Studio album by Sharon, Lois & Bram
- Released: 1987
- Genre: Children's music
- Length: 41:36
- Labels: Elephant Records A&M Records

Sharon, Lois & Bram chronology
| Sharon, Lois & Bram's Elephant Show Record (1986) | Stay Tuned (1987) | Happy Birthday (1988) |

Alternative cover
- Elephant Records Edition (1987)

Alternative cover
- Elephant Records 2nd Edition (1993)

= Stay Tuned (Sharon, Lois & Bram album) =

Stay Tuned is the eighth album by popular children's entertainers Sharon, Lois & Bram, originally released in 1987. The album features songs from Seasons 3 and 4 of what would become their hit TV series "Sharon, Lois & Bram's Elephant Show".

This particular album is still to this day only available on cassette and record. Both Elephant Records & A&M Records have released this album. Stay Tuned is the second of two Sharon, Lois & Bram albums yet to be released onto CD.

== Releases ==
In 1993, Elephant Records re-designed the cover and re-released it under the title "The Elephant Show Volume 2". It is available only on cassette and is extremely hard to find.

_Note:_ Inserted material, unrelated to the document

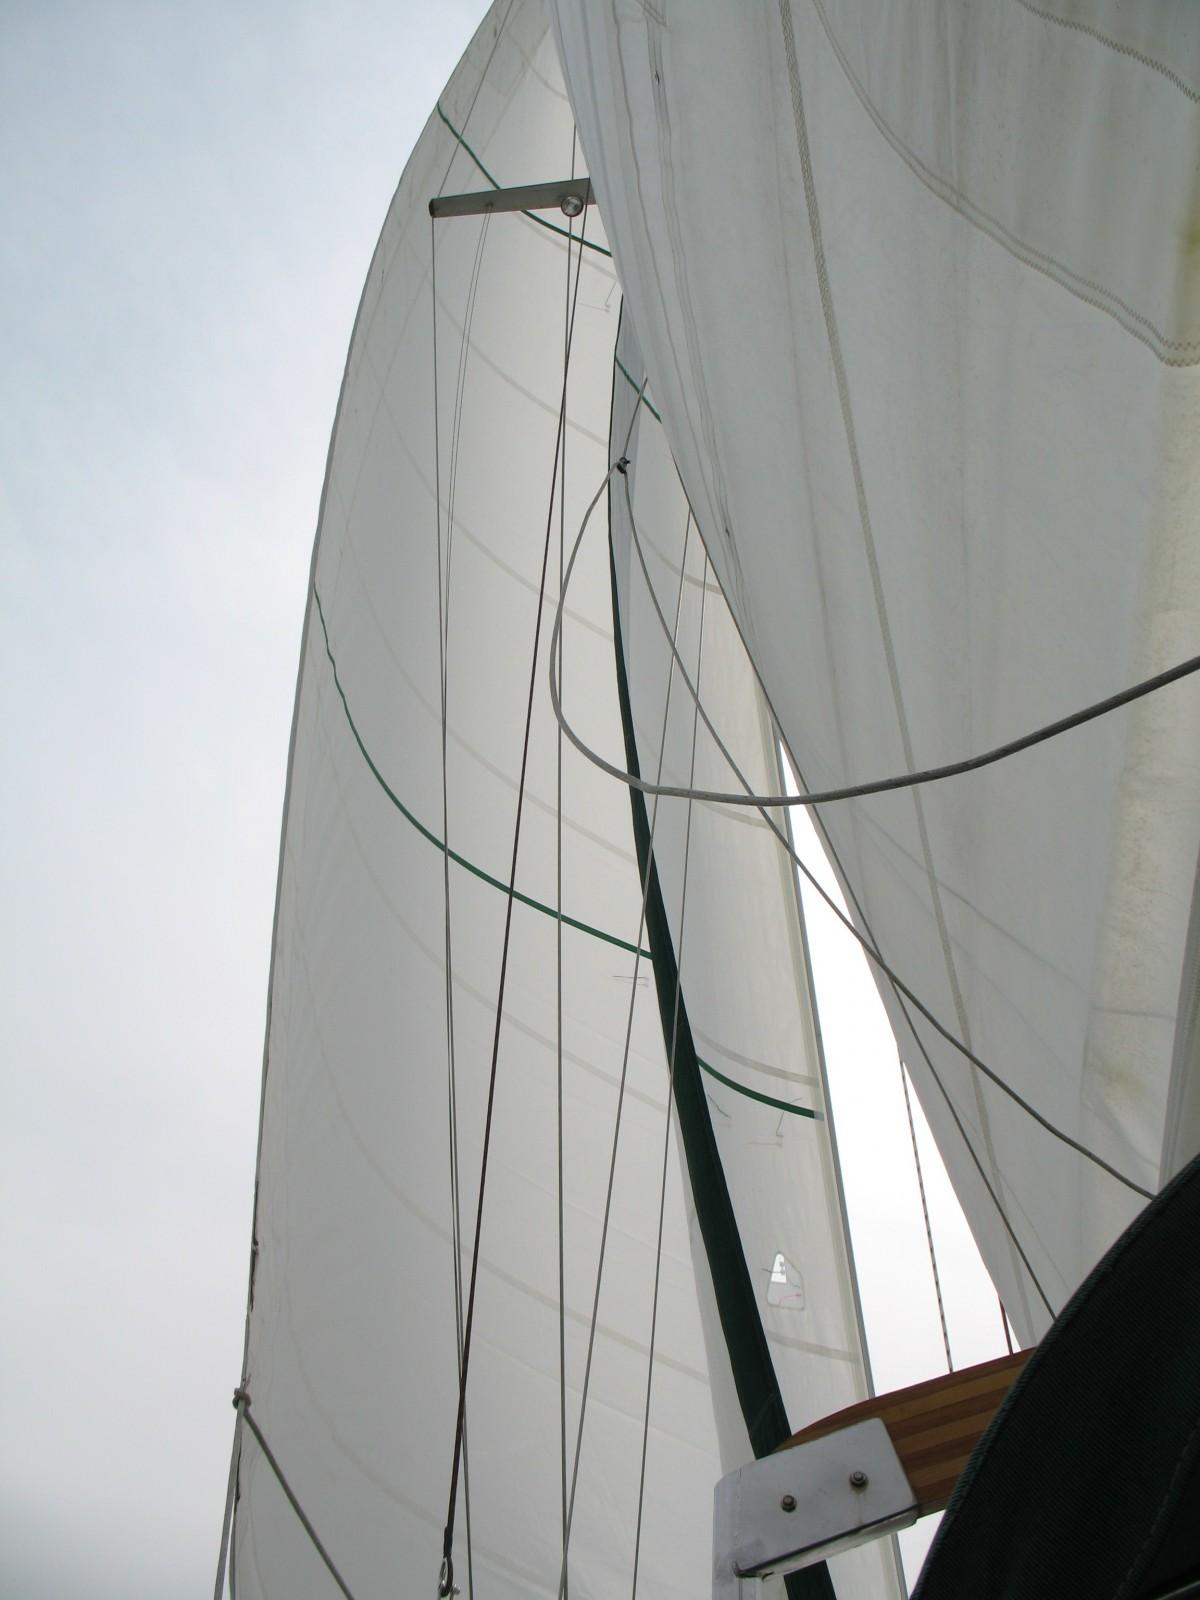 images gratuites mer navire transport v hicule m t yacht port voilier nautique ancre. Black Bedroom Furniture Sets. Home Design Ideas

It was only available through special offers that were found inside other Sharon, Lois & Bram cassettes.

1987/1993 (Elephant Records)

1987 (A&M Records

== Track listing ==
1. "We're Gonna Shine"
2. "Acorn Brown"
3. "Do Your Ears Hang Low?"
4. "Little Liza Jane"
5. "That's What the Daisy Said"
6. "A-Tisket, A-Tasket"
7. "How Much Is That Doggie In the Window?"
8. "Miss Lucy"
9. "The Galaxy Song"
10. "The Ghost of John"
11. "Lots of Worms"
12. "The Hokey Pokey"
13. "Come Follow"
14. "Ukulele Lady"
15. "Rock Around the Clock"
16. "Shoo-Fly Pie"
17. "Tommy Thumb"
18. "Hot Time In the Old Town Tonight"
19. "Fishing Blues"
20. "All Around the Kitchen"
21. "Breakfast Bowl"
22. "Girl from France"
23. "Walkin'"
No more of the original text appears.